Monday, February 2, 2015

Nothing Gold Can Stay

Nothing Gold Can Stay
Robert Frost, 1874 - 1963

Nature’s first green is gold,
Her hardest hue to hold.
Her early leaf’s a flower;
But only so an hour.
Then leaf subsides to leaf.
So Eden sank to grief,
So dawn goes down to day.
Nothing gold can stay.

This story unravels my thoughts and stitches together my ideas into a palpable mess. This story is about the concept of youth and innocence.

Today I took a sewing machine out of a dusty box that has been stored in my closet since 2009. Months ago I opened the same dusty box and attempted to teach myself how to sew with the intent to decrease world suck via upcycling fabulous thrift store finds. Those many months ago I failed. I could not begin my eco-friendli(er) alternative to shopping at corporate department stores. Why?

The bobbin, my friends. The bobbin.

There is this step just before you can begin sewing where you must raise the bobbin thread.
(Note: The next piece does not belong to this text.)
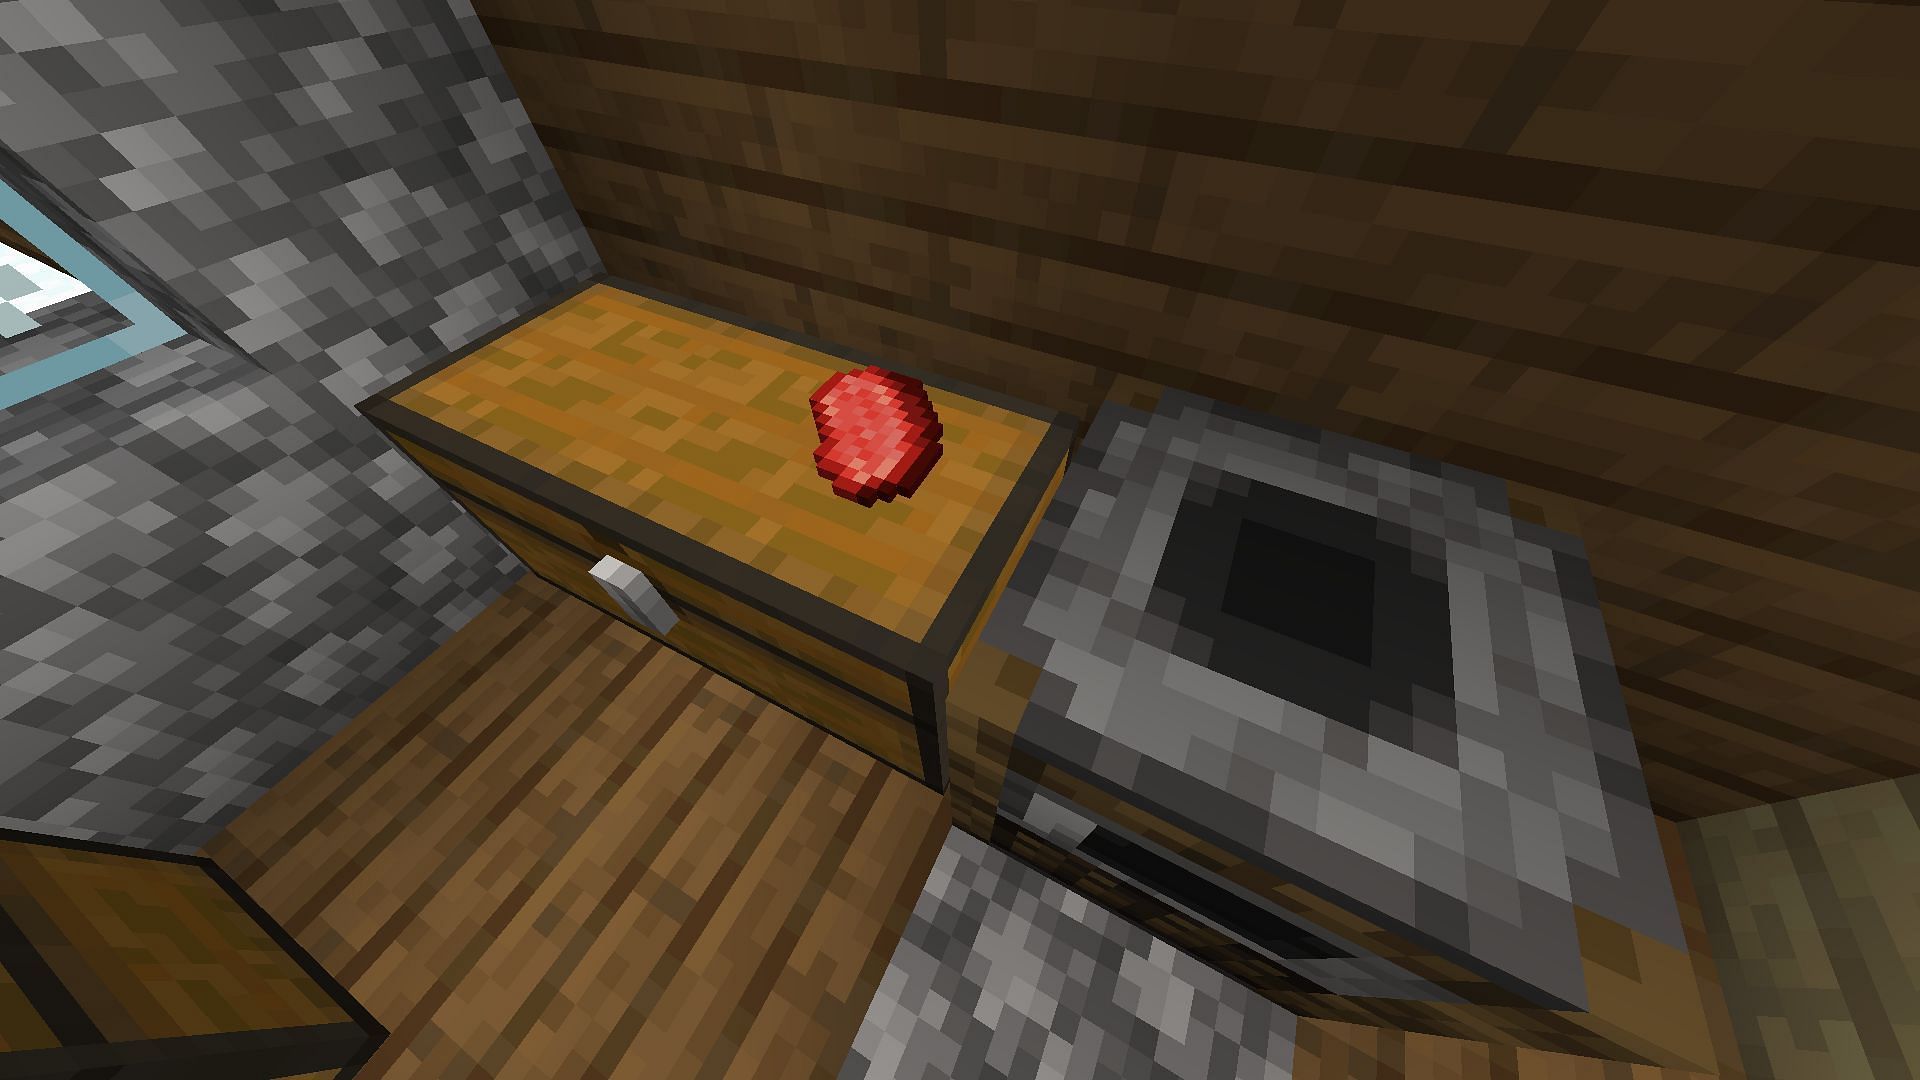 A raw steak on a chest with the help of invisible item frames in Minecraft (Image via Mojang)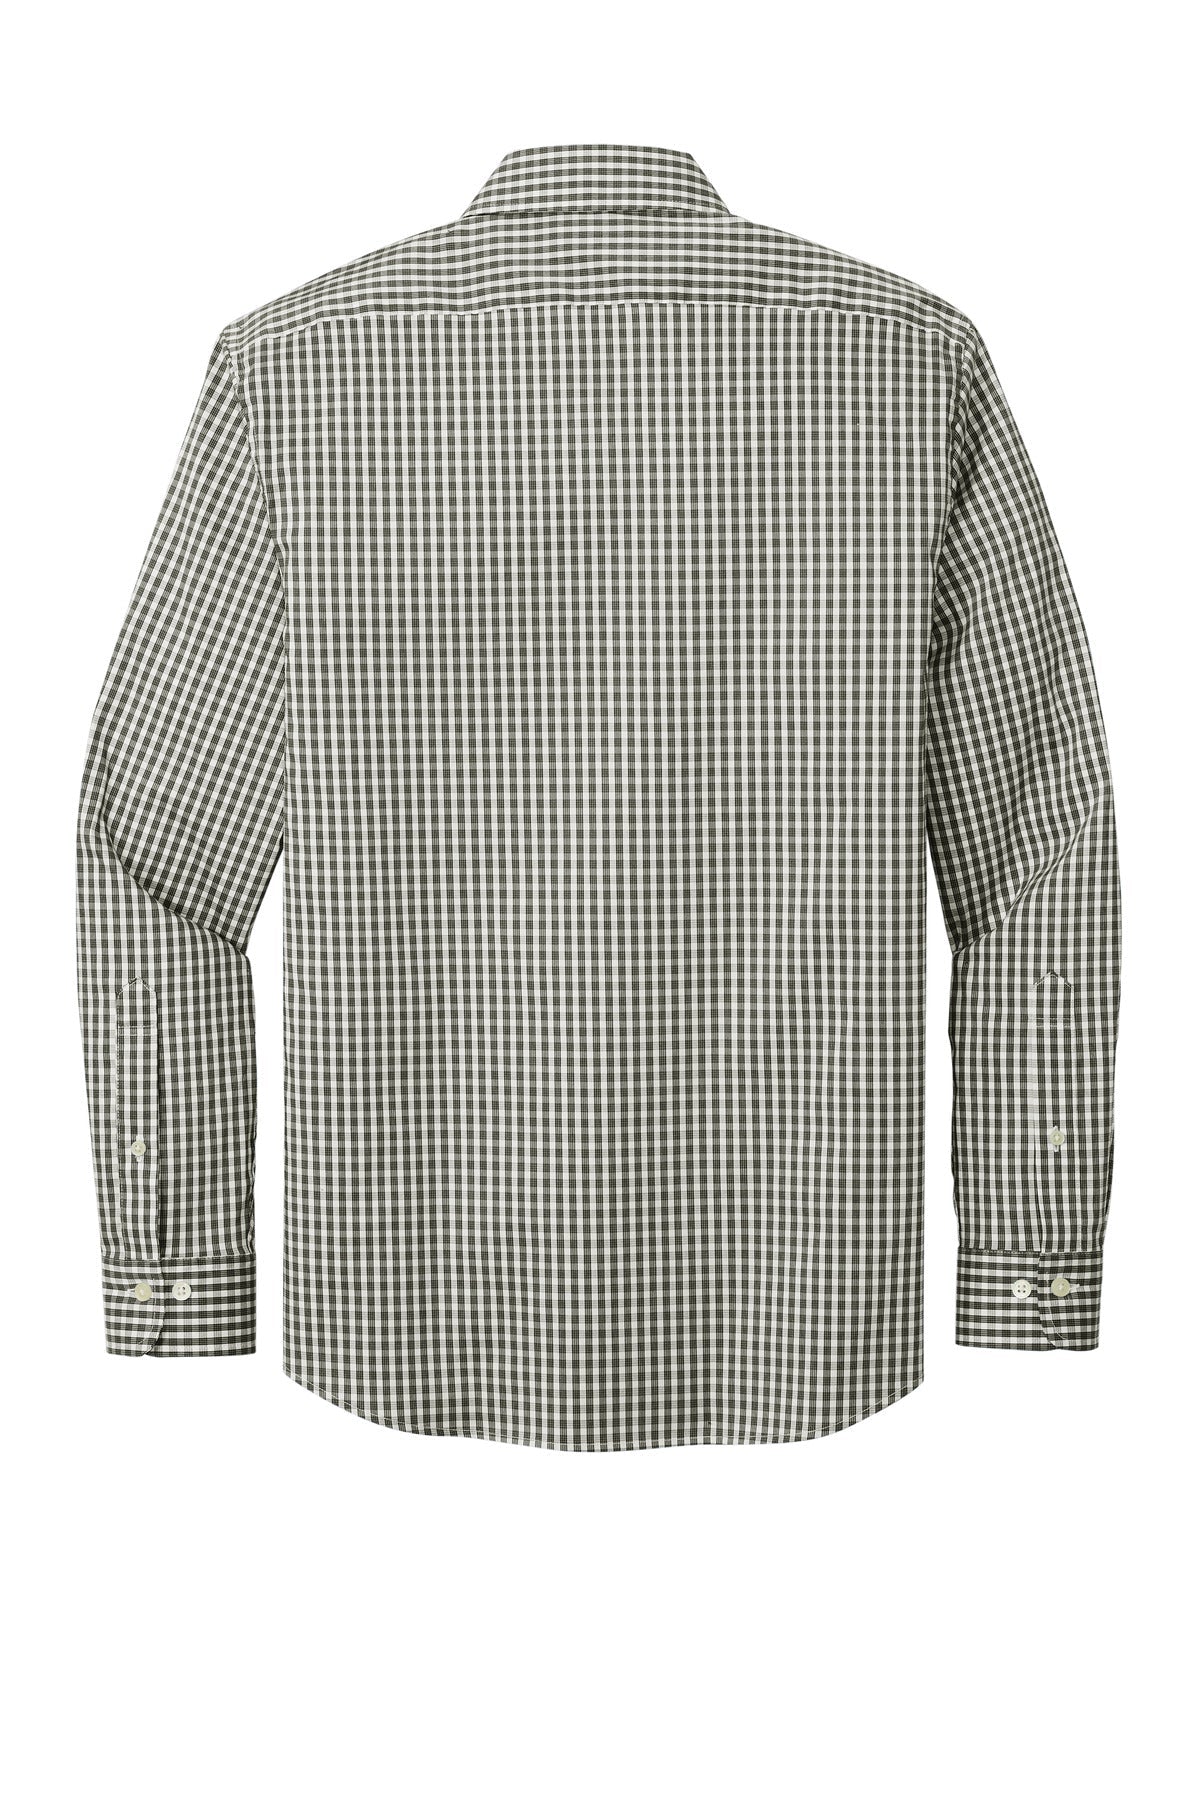 Brooks Brothers® Tech Stretch Patterned Shirt BB18006 - DFW Impression

After repeated failure, I abandoned my ambitious effort and retired that sewing machine back to its home (aka dusty box in the closet).

Today when I released that remarkable piece of technology from its home, the bobbin thread was raised in 30 minutes (thanks to the Googling and logic skills of my partner).

This sewing machine reminded me of a journey I recently began to better understand how food gets to our tables and how clothes get into our closets.

By the time our things enter our lives they have encountered possibly hundreds of human hands, traveled thousands of miles, and created environmental and economic ripple effects.

I was 18 years old when I discovered the relationship between corruption, hatred, greed and globalization. When I realized Christopher Columbus was a colonizer and war = death. Consequently, I was pinned down for 3 [long and complicated] years by harsh realizations, intensive critical thinking, self-reflection, and severe bouts of cynicism. Seeing and learning about extreme poverty, genocide, colonization, and a host of other prominent social issues was…awful. However, my 18-year affair with ignorance (or innocence) allowed me maintain a semblance of safety, happiness, and fearlessness. A privilege I am grateful for. 

Many people, young people, do not/cannot hold onto innocence for 18 years. Many children, teenagers, and young adults forgo “traditional” childhoods full of play, imagination, and learning, to sew garments in sweatshops and pick fruits and vegetables in sunbaked fields. Globalization paved a path for capitalism to dominant foreign markets. And globalization demands the production and overconsumption of things.

In general, humanity values innocence. But we do not always do a good job of protecting innocence [at all stages and ages of life]. So, globalized capitalism has made humans further guilty of destroying innocence.

Be mindful of who made your clothing and picked your fruits and veggies; of how goods get to your closet and table.